In 1998, she moved back to Jakarta to work in the Home Affairs Ministry. She served as secretary general of the ministry for the 2001–2005 period. She was alleged to have received Rp 100 million in a fire truck procurement deal when she was the secretary general at the Home Affairs Ministry, but she was not pursued by the Corruption Eradication Commission (KPK) because she said the project had involved the minister and the ministry's director general without going through her.

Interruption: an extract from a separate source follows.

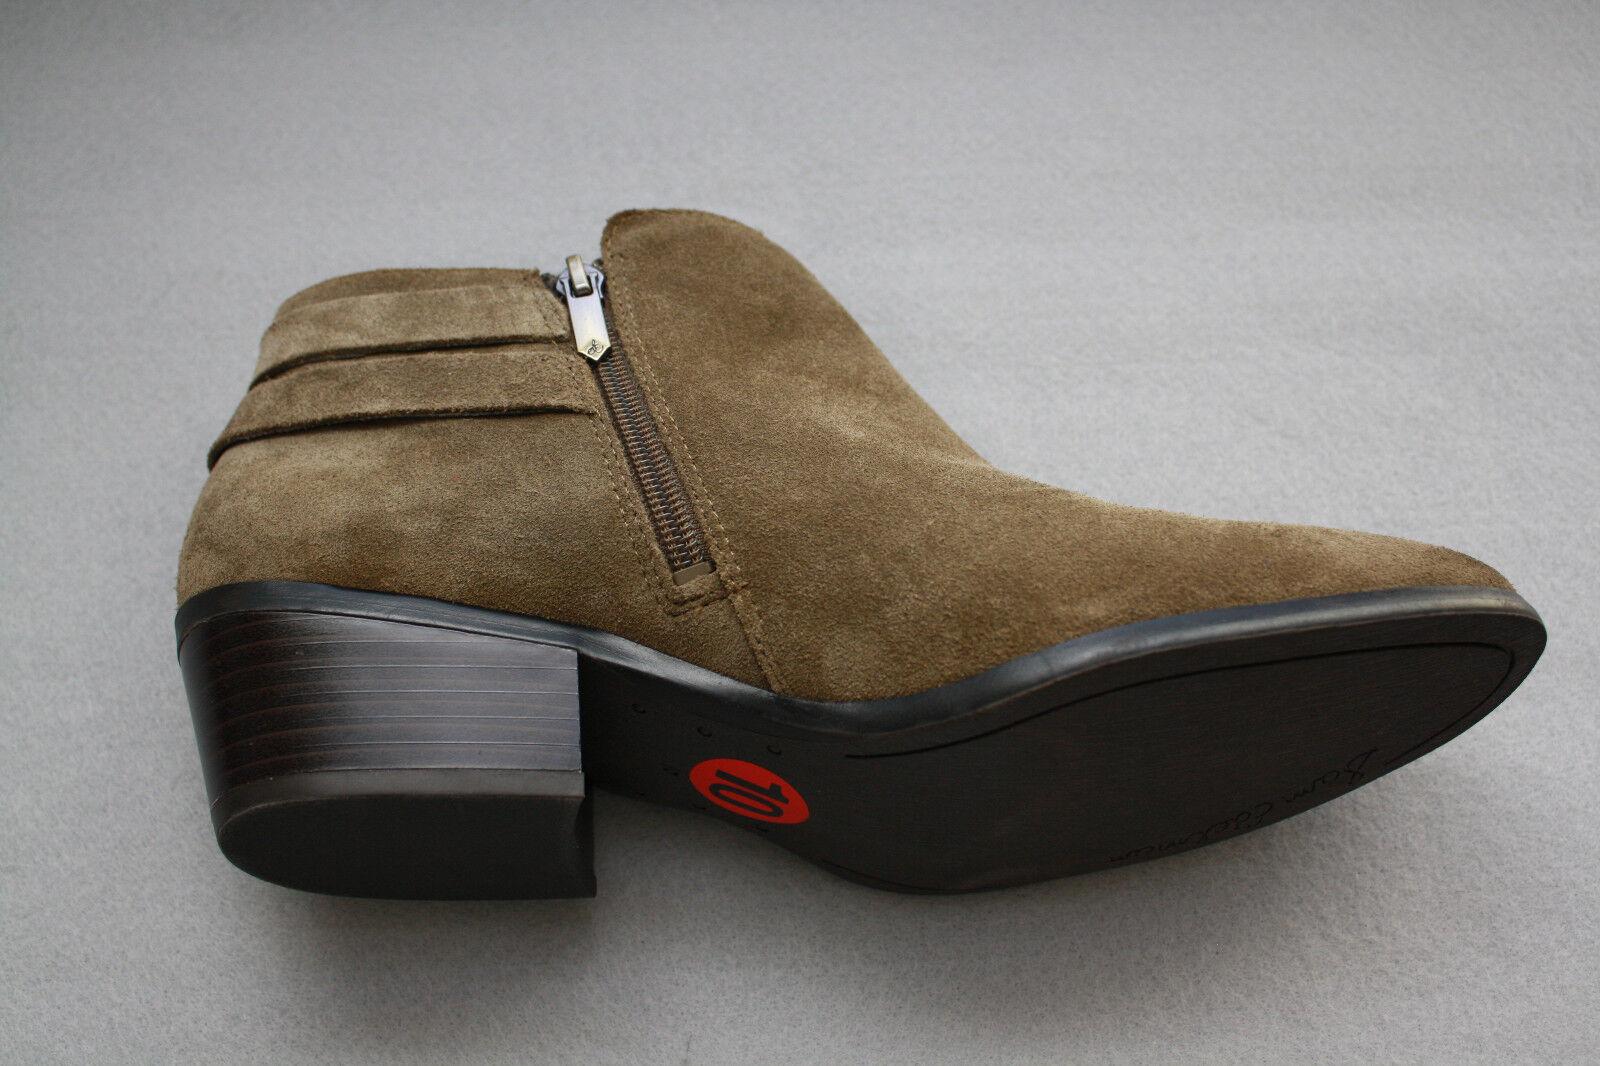 Sam Edelman Petal Stiefelies Suede in Ankle Stiefel in Suede Olive Grün Sz 10 NEW 73bd3a

She was appointed by president Susilo Bambang Yudhoyono as secretary general of the Regional Representatives Council (DPD) for 2006–2013.

In January 2013, Siti stepped down from the DPD and joined media tycoon Surya Paloh’s National Democrat Party. In 2014, she was elected to the House of Representatives (DPR), representing Lampung electoral district for the 2014–2019 period. She soon had to retire from the DPR after being appointed Minister of Environment and Forestry by President Joko Widodo.

==Personal life==
Siti is married to Rusli Rachman and they have two children: Meitra Mivida and Ananda Tohpati.